Recensione: Talviyö
Tutti noi sappiamo che si può mandare a quel paese una persona rimanendo composti ed educati, farlo in maniera elegante. Cosa sconosciuta a quanto pare ai Sonata Arctica, complici in concorso di colpa con l’etichetta nell’immettere sul mercato una delle più grosse delusioni dell’anno corrente. Facendo un passo indietro, i maestri del metal melodico finlandese, dopo aver inanellato quattro dischi seminali per il power metal che fu, decisero di dare una sterzata al loro stile a partire dall’anno 2007 con Unia che non poteva essere definito un bel disco, nettamente oscurato dal capolavoro precedente Reckoning Night, ma lasciava intravedere quello spiraglio di buona volontà nel non adagiarsi sugli allori ed esplorare nuove soluzioni per non diventare una band clone e derivativa di se stessa.
Da questo punto in poi la band non è più riuscita a risollevarsi a parte qualche singola canzone ben riuscita sparsa qua e la, decisamente poco considerato il fatto che dopo lo stesso Unia sono stati prodotti ben altri cinque dischi. Con Pariah’s Child e The Ninth Hour, pur essendo rigorosamente dischi mediocri, tuttavia, pareva che il quintetto di Kemi stesse cercando una nuova quadratura del cerchio perfezionando e personalizzando maggiormente la propria “nuova” proposta ma già il segnale di ri-registrare il debut album Ecliptica con un risultato scandaloso, sottolineava come la band in preda alle onde della confusione stesse cercando un’ispirazione che appariva sempre più lontana e irraggiungibile.

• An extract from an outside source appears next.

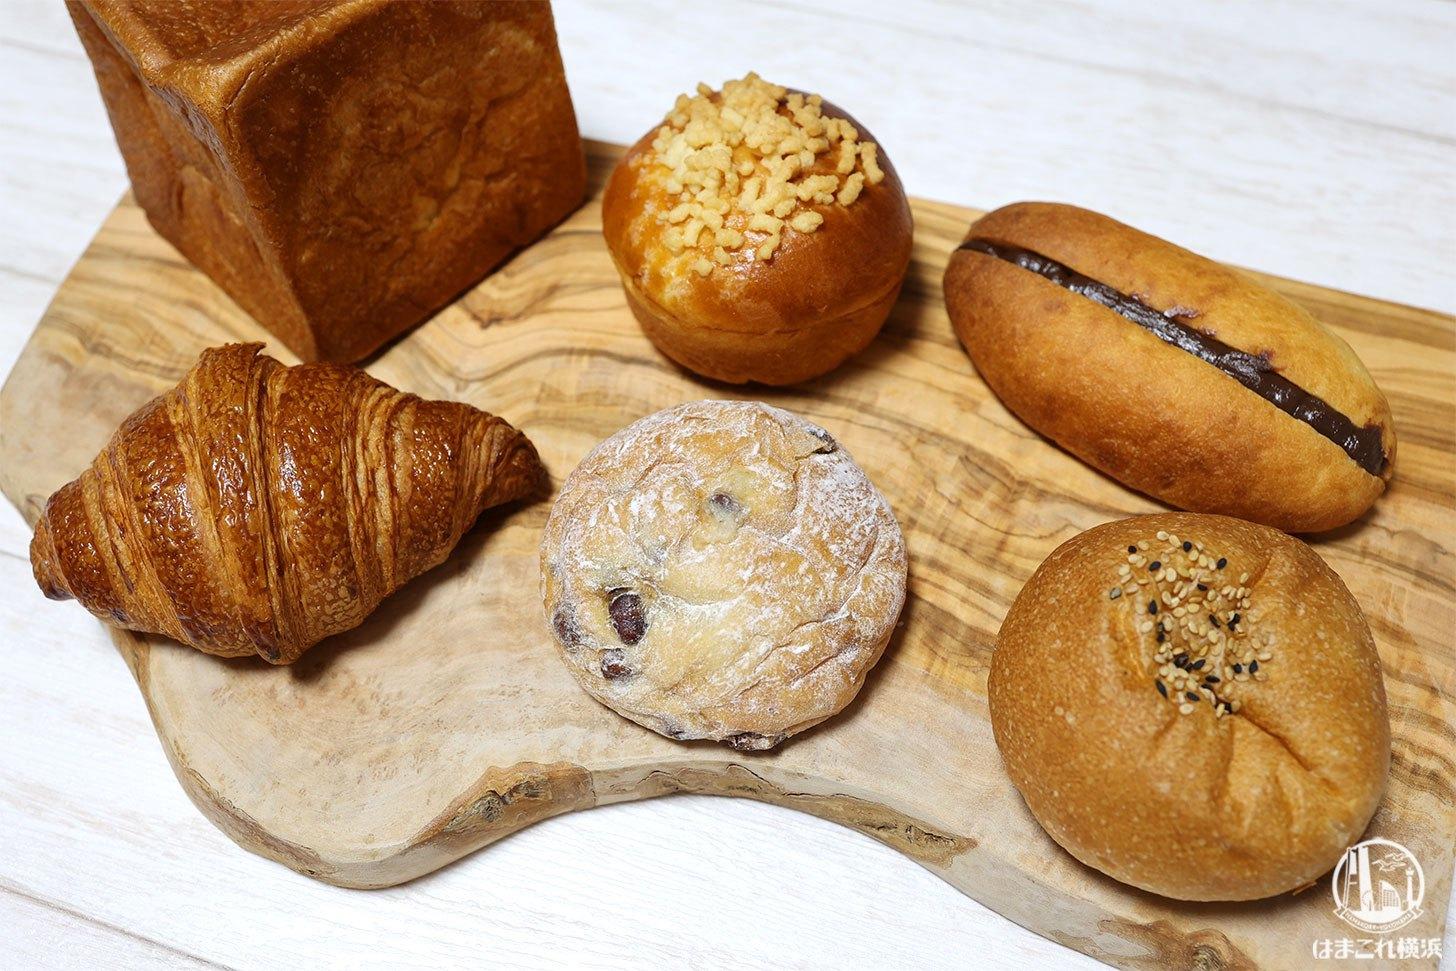 ネイバーズブレッド バイ スタンダードベーカーズで購入したパン

Come uno specchietto per le allodole Talviyö (che significa “notte d’inverno”) con la sua bellissima copertina (da sempre uno dei punti forti della band), irrompe sul mercato e taglia l’importante traguardo della decima fatica in studio, ammirevole per una band che dal nulla si è creata un piccolo impero e ha inciso nella roccia il suo nome tra le più importanti power metal band di sempre. Palese la volontà di rinnegare le cavalcate di un tempo, i registri vocali alti e i ritornelli di facile presa che stimolavano anche il più tranquillo dei nerd a indossare pantaloni in pelle e affrontare una battaglia vichinga, ormai sono solo un lontano e sbiadito ricordo che lascia spazio a sonorità blande, morbide e soffuse spesso senza né capo né coda, avvolte in una nebbia confusionaria che lascerebbe spiazzati anche i fan boy meno oltranzisti.
Di certo dopo oltre dieci anni di dischi qualitativamente poveri nessuno si aspettava un lampo di genio dei nostri e un ritorno a sonorità più consone al metal che alle filastrocche di Natale o brani simili alle ninna nanna che si canticchiano ai bambini prima di addormentarsi, ma toccare il fondo in questo modo ci lascia quel non so che di amaro in bocca con pure un alone di tristezza.
Come dicevamo all’inizio della recensione, andando per gradi, i principali imputati sono due in perfetto concorso di colpa; la band e la produzione finale. L’analisi e la critica nei confronti di questo disco non può essere effettuata scindendo queste due tematiche in quanto se uno è mediocre, l’altro affossa la mediocrità rendendola vicina al livello del pessimo.
Lo stile della bella cover art è un vero e proprio tributo alla terra madre Finlandia, rappresentando vari elementi tipici locali e, tra l’altro, uno dei simboli della band, il lupo, lasciando fantasticare i più nostalgici circa un ipotetico e improbabile ritorno a sonorità più gelide e taglienti. E c’è da dire che la opener Message from the Sun, che in origine doveva semplicemente apparire come bonus track per l’edizione giapponese, dopo una banale intro al limite dell’irritante, parte con un deciso up tempo che sfocia in un bel ritornello melodico e di altri tempi che ci fa sgranare gli occhi e accende in noi una fiammella che surriscalda l’animo e la speranza di avere tra le mani un ritorno a sonorità più consone al moniker impresso nella copertina. Anche se il brano è carino ed efficace, notiamo subito che qualcosa non quadra e a fine canzone la sensazione che ci viene trasmessa è come se il groove di questo pezzo sia una mera forzatura, come lanciare una Fiat Punto a tutta velocità per ore e ore.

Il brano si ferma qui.